What is hearing loss?
Hearing loss affects 1 in 6 people with varying degrees of impairment. Hearing loss can be caused by many different things such as age, noise and injury and each person experiences hearing loss in a unique way.
A hearing loss can be sensorineural, conductive or mixed. A sensorineural hearing loss is the result of damage to the hair cells in the cochlear or damage to the nerve that leads to the brain.
A conductive hearing loss is caused when sounds are unable to reach the inner ear from the outer ear. A conductive hearing loss can be caused by middle ear problems such as wax build up, a disorder with the middle ear bones or the ear drum.
A mixed hearing loss is caused by a combination of both sensorineural hearing loss and conductive hearing loss.
If you are found to have a hearing loss, your audiologist will discuss with you the type of hearing loss that you have and will advise you on the most appropriate management plan.
Managing a hearing loss is dependent on the cause and severity of the hearing loss.
Hearing aids can be used to improve clarity of speech and awareness of sound as well as to manage tinnitus. An audiologist can advise you if you could benefit from a hearing aid. The hearing aids will be set up to your individual needs and hearing loss.
Sometimes, additional devices are helpful to patients. Additional devices can help to give your hearing aids an extra boost if you have difficulty when you are in a noisy environment, watching the television or on the telephone. If you are interested in additional devices and you have hearing aids that were given to you at the Royal Stoke hospital, please follow this link.
If you are in employment where you have difficulty with some situations, you may be eligible for a government grant that enables you to receive funding to purchase some additional devices that can help you to fulfil your duties more efficiently. More information can be found on the government Access to Work webpage.
Using good communication tactics can help to improve communication between friends and family, with or without hearing aids.
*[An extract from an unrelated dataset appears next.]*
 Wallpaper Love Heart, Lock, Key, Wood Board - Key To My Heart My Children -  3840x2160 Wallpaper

Good communication tactics to use with everybody include:
- Getting the person’s attention before you start talking them
- Talking slowly and clearly without raising your voice
- Have conversations in the same room (don’t talk from another room)
- Make sure that the person is facing you before you begin to talk
- If the person asks for repetition, try using different words to explain your point- it is often one key word in the sentence that is causing the need for repetition!
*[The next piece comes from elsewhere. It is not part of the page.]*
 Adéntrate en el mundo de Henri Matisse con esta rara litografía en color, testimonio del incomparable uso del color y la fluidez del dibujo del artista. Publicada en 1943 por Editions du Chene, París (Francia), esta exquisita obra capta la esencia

Tinnitus is the perception of an external sound that is not external. It can be described as many different sounds such as a high pitched tone, a buzzing sound, a hissing sound and can also be musical. It can also sound a bit like your pulse. It can come and go or be there all of the time and can be in one ear, both ears, or it may sound like it is inside your head.
Tinnitus is common in the general population (about 30% of people get tinnitus at some point in their life (British Tinnitus Association)) and it is more common in those with a hearing loss. If your tinnitus is associated with hearing loss, a hearing aid can be the best way to manage it.
Tinnitus is not always associated with hearing loss and can be found in people with normal hearing however, it is usually the result of some change- physically or mentally such as stress or feeling under the weather. Tinnitus is rarely the symptom of a serious disorder but if you feel worried about this, then your GP will be able to advise you on the next step to take.
The brain is usually able to “filter out” what is not important or interesting to it such as a ticking clock or background noise. When there is a change in the body, for example, wax blocking the ears, the brain tries to get more information from the ears - this extra information that the brain receives can be perceived as tinnitus.
Most people with tinnitus can go about their day-to-day activities and find that their tinnitus settles down. However, sometimes, tinnitus can be particularly distressing. If you are finding it difficult to manage tinnitus, get a referral from your GP to Audiology so that we are able to offer you advice on how to manage your tinnitus.
Find out more about tinnitus and hearing therapy here.
An audiologist will ask some questions relating to your hearing and the difficulties that you are having. We understand that each patient is unique in the way that they experience their hearing impairment and the difficulties that they have day-to-day. We will be on hand with a listening ear to ensure that we have all of the information that we need to manage your hearing and any difficulties that you may be having.
During a face to face appointment, your ears will be examined to make sure that they are free from wax so that a hearing test can be performed. Other tests may be performed to test the health of your middle ear. Your hearing will be tested to determine if there is a hearing loss present and if it is in one or both of your ears. Another referral to Ear Nose and Throat may be necessary if further investigation is required to see what has caused your hearing difficulties.
Your audiologist will be able to advise you if you could benefit from a hearing aid. If you decide that a hearing aid would be helpful for you then it will be programmed to suit your hearing loss and your needs.